Football is important to small communities like Loudonville


Thinking about, analyzing and discussing the case of Redbird football coach Don Wilson is a difficult, and maybe risky proposition.
A couple friends who are deeply concerned about the welfare of the community but who are not football fans questioned what the big deal was.
"Why did you put the thing on the Wilson discussion in the paper last week and not the other stuff that happened at the school board meeting?" one asked, much more concerned about the renewal levy, the school budget and state-mandated curriculum adjustments.
"Karl Marx was wrong," another said. "Sports, not religion, is the opiate of the people, and in the greater scope of things, it doesn't mean a hill of beans in comparison to the local economy and the impact of extenuating forces on it.
"You should have written," he said, " "parents, players and others made comments about the performance of football coach Don Wilson, both pro and con. The board took no action, and made no response to the comments.' "
That certainly would have been easier, and less stressful.
But let's face it, while it may not be important to everyone, football is important to a lot of people in our small community, as it is in many other communities. For some, it is the most important thing there is.
When the Ashland Times-Gazette did a story in winter 2008 after Ron Lance resigned as coach about Loudonville High School's football coach search, it was listed as the most-read story on the T-G's website for several days. Admittedly, the story was printed at a slow time in the sports year, after the Super Bowl and before the NCAA basketball tournament, but a lot of folks read the story, not just folks from our school district.
When Wilson's Redbirds beat Ontario to start the 2008 season, his coaching debut here, he could have been elected mayor, township trustee or president among the voters in Loudonville and Perrysville.
Ditto at the end of the 2009 season when the team had a solid 6-4 mark and came within an eyelash of a share of the Mid-Buckeye Conference title, missing out because of a pair of close losses in games that truly could have gone either way because of an overthrown pass here or an inopportune penalty there.
The huge turning point in the Wilson football era came in the opening game of the 2010 season when the Redbirds literally snapped defeat from the jaws of victory in a last-second, one-point loss to Ontario, a loss caused in part because of inopportune events on the field " a pass caught on a tip after being touched by two defenders and a penalty that gave the Warriors a second chance after they appeared to have lost the game.
There were mistakes, too " clock mismanagement late in the game and the Redbirds' inexplicable inability to move the ball late after literally pushing Ontario all over the field for most of the contest. From all accounts, the Redbirds should have won.
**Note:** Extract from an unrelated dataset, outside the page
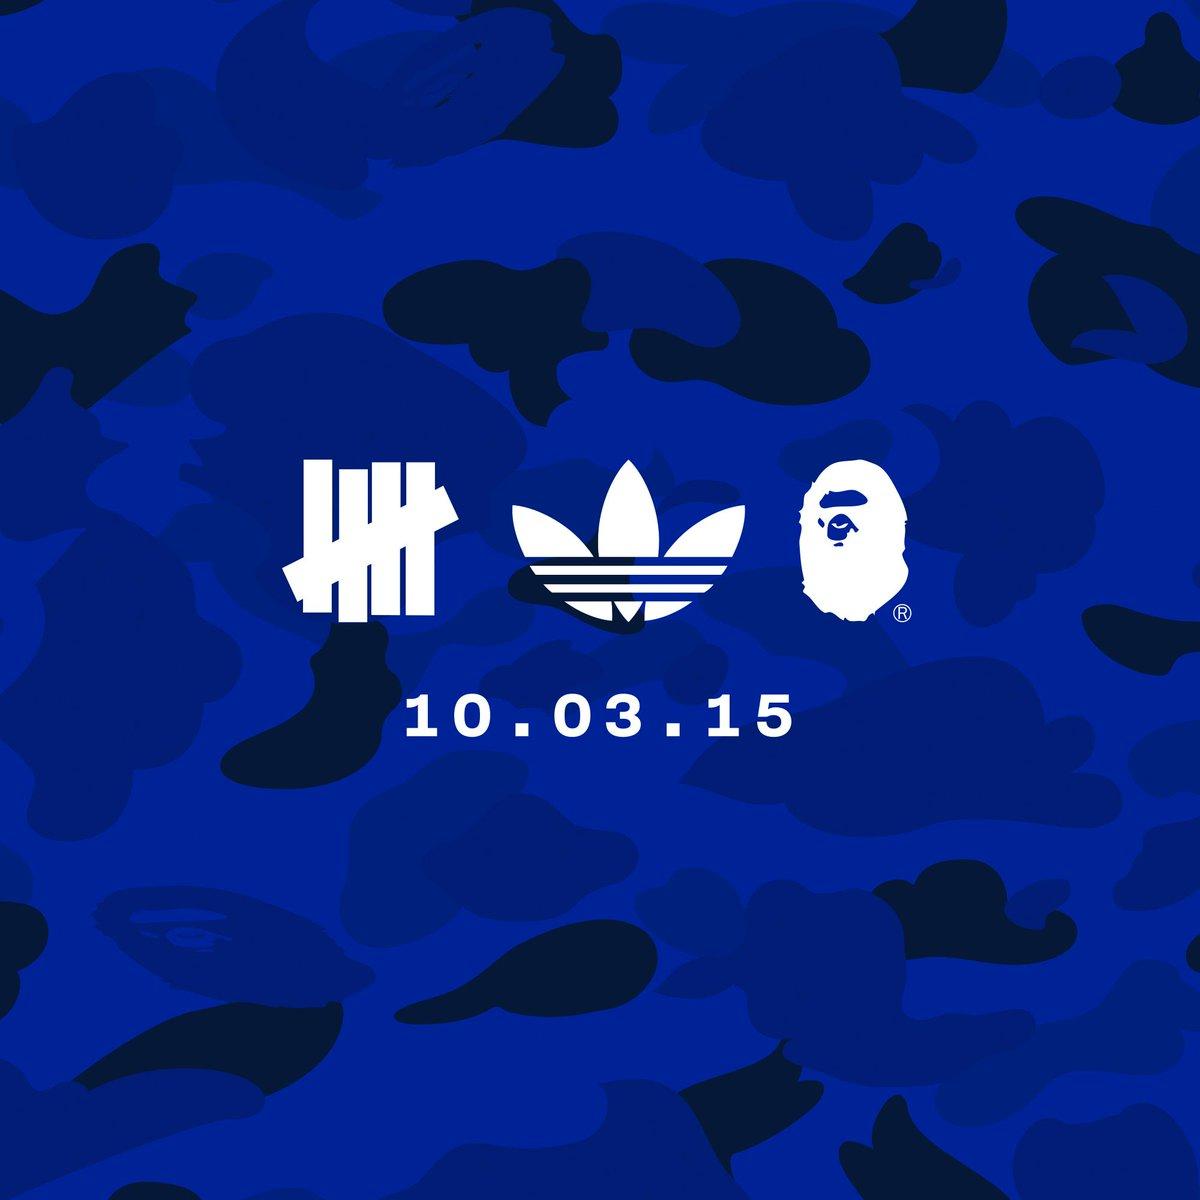 UNDEFEATED x BAPE x ADIDAS - 10.03.15 @bapeofficial @adidasoriginals http://t.co/IAHot786nG

Fate does strange things. Ontario, in a rebuilding season, went on to qualify for the football playoffs with a surprising 7-3 record. The Redbirds, on the other hand, struggled for more than half the season, not really putting a game together until the eighth game when they shut down East Knox. The Redbirds ended up 3-7, modified since to 4-6 because of an administrative error on the part of one of the teams that beat Loudonville.
It was truly a disappointing season. More disappointing, maybe, because we Redbird fans, myself very much included, were buoyed by rising expectations from the success of the previous season, and perhaps a fallacious feeling that we were a much better team than we turned out to be.
When you win, it's the players, the wonderful community and the outstanding support the community provides for the team(s) that is the reason. And faux-pas, like skipped practices and one coach showing up at a JV game, are forgotten.
When you lose, obviously it is the coach's fault.
And when you lose, the opportunity to nit pick becomes endless " skipped practices, players not in shape and poor team management all fall under the magnifying glass, and assistant coaches second-guess the head coach.
There are other factors.
In the heyday of the Redbird football program " the perfect '76 and '79 seasons, the great '83 and '84 teams, and the fabulous playoff runs of 1988 and 1991, Loudonville was a much different place than it is today. In all five of those years, the town was brimming with industrial-born prosperity, with the area boasting more than 1,000 fairly high-paid industrial jobs. School enrollment was high " as high as 1,700 districtwide with 500-plus students at the high school.
Today, we might offer 600 total industrial jobs. We are faring not so well in the great recession with downtown buildings vacant, school bond issues getting throttled by economically distressed voters and school enrollment drastically down " just a little more than 1,200 districtwide and barely 400 at the high school.
Just look at those numbers if you wonder why our football teams are not as big or as deep as they were 20 and 30 years ago. These are different times.
And the coach, no matter who it is, has no control over those issues.
Were mistakes made in the 2010 football season? Sure there were. They are made every season, even the perfect ones.
Are those mistakes a reason to fire a coach? I don't think so.
But can we, both coach, coaches, players, parents and fans, learn from those mistakes?
That is the opportunity we have. We still are living here in Loudonville in an era of rising football expectations. We can build from both the triumphs and the defeats of the past to make for a better football program, better school and better community.
We just have to work on it. And work with, not against, each other.